Quebec will be extending tax filing season beyond April 30 to ease pressure on residents coping with the fallout of the COVID-19 outbreak, the province’s finance minister announced Tuesday.
The delay will push back the date for filing provincial income statements for individuals to June 1. The taxes owed will not need to be paid until July 31.
Eric Girard said people should still strive to file by April 30, especially if they are expecting a tax return. If taxes are filed before the end of April, tax returns will roll out on time, he said.
Companies are expected to file on time, but will also not need to pay until July 31.
“Small business owners, big business, citizens — it’s difficult for everyone. Agriculture sector, tourism, restaurants, I’m certain that gym owners have it hard too,” Girard said.
“It’s important that our actions be precise and efficient.”
Prime Minister Justin Trudeau said Tuesday he’s also open to extending the federal tax deadline.
Girard said the delay represents over $7 billion will remain in the hands of Quebecers and businesses.
He also said Quebec Economy Minister Pierre Fitzgibbon will announce additional measures to assist businesses in the coming days.
Long-term economic impact unknown
When asked what impact the crisis would have on the Quebec economy, Girard said it was hard to predict.
“I don’t have numbers. I don’t know how long this will last,” he said. “What’s going to happen with public health will determine the economic impact.”
Despite strong economic growth in February, there was a contraction of the world economy in March, he said.
“How many months will resemble the month of March? That’s extremely important.”
The announcement comes a week after Girard tabled the provincial budget. At the time, he said Quebec was “well-equipped” to weather the crisis.
His budget speech made all of one reference to coronavirus, and the budget itself contained no specific measures to deal with the outbreak or its economic consequences.
The CAQ passed additional budget appropriations on Tuesday before it adjourned until April, giving the government access to $500 million to pay for things like the emergency daycare that will serve essential workers.
COVID-19 testing capacity to increase
Also new Tuesday, Quebec will increase its COVID-19 testing capacity, from 1,600 to 6,000 tests a day.
Previously, tests had only been sent to the province’s Public Health Laboratory in Sainte-Anne-de-Bellevue, in Montreal’s West Island. Now, seven other medical centres and hospitals will be able to analyze results as well.

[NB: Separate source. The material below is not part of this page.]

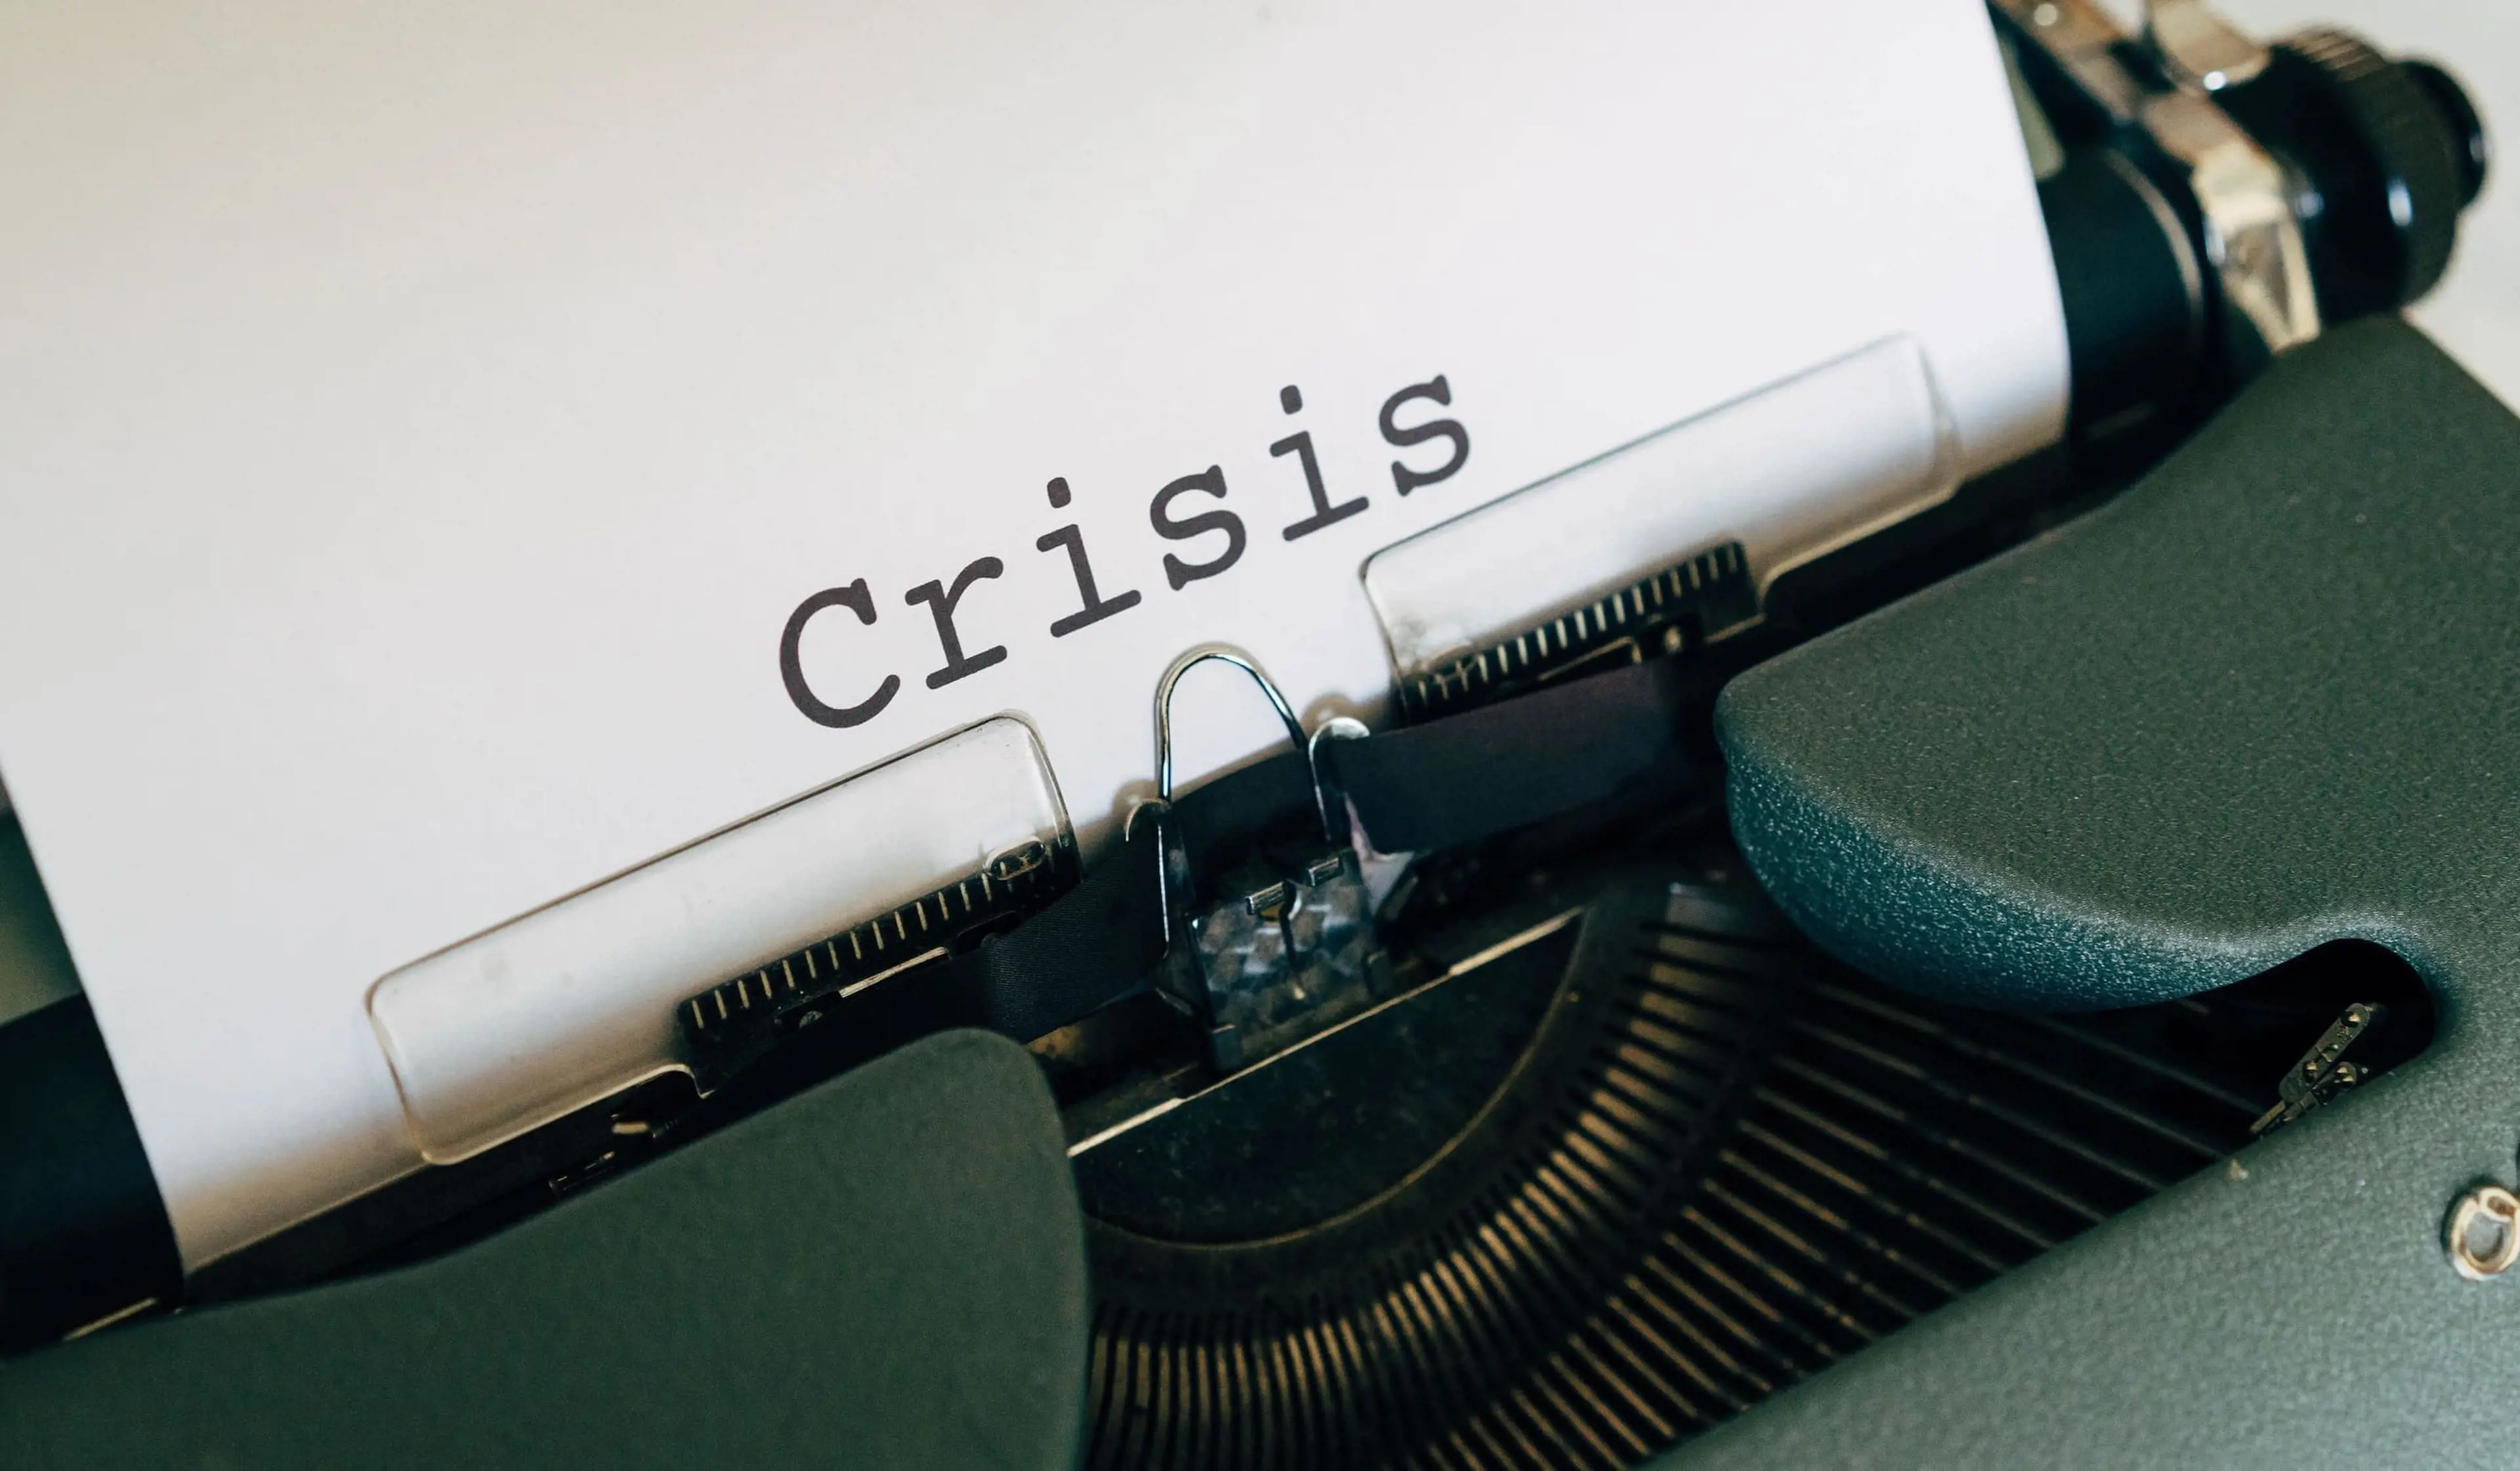 Hvidt ark i en skrivemaskine med ordet "Crisis" skrevet på.

“We will do that — test, test, test,” said Quebec’s director of public health, Horacio Arruda, Monday. “The transmission here is still at its beginning. I’m not telling you there is no transmission … but we will soon be testing, testing, and testing.”
This comes a day after Montreal public health officials said there was likely community transmission in the city that hasn’t been detected.
In an effort to stop the spread of the virus, Public Security Minister Geneviève Guilbault said there will not be emergency shelters in place this year in the event of flooding.
Public health officials were dispatched to Trudeau airport starting Monday, to create an additional checkpoint for arriving passengers to inform them about COVID-19.
Workers are handing out flyers with details about how travellers should self-isolate, as well as recommendations for tracking their symptoms.
Trudeau airport is now one of only four airports in the country where international flights will be allowed to land.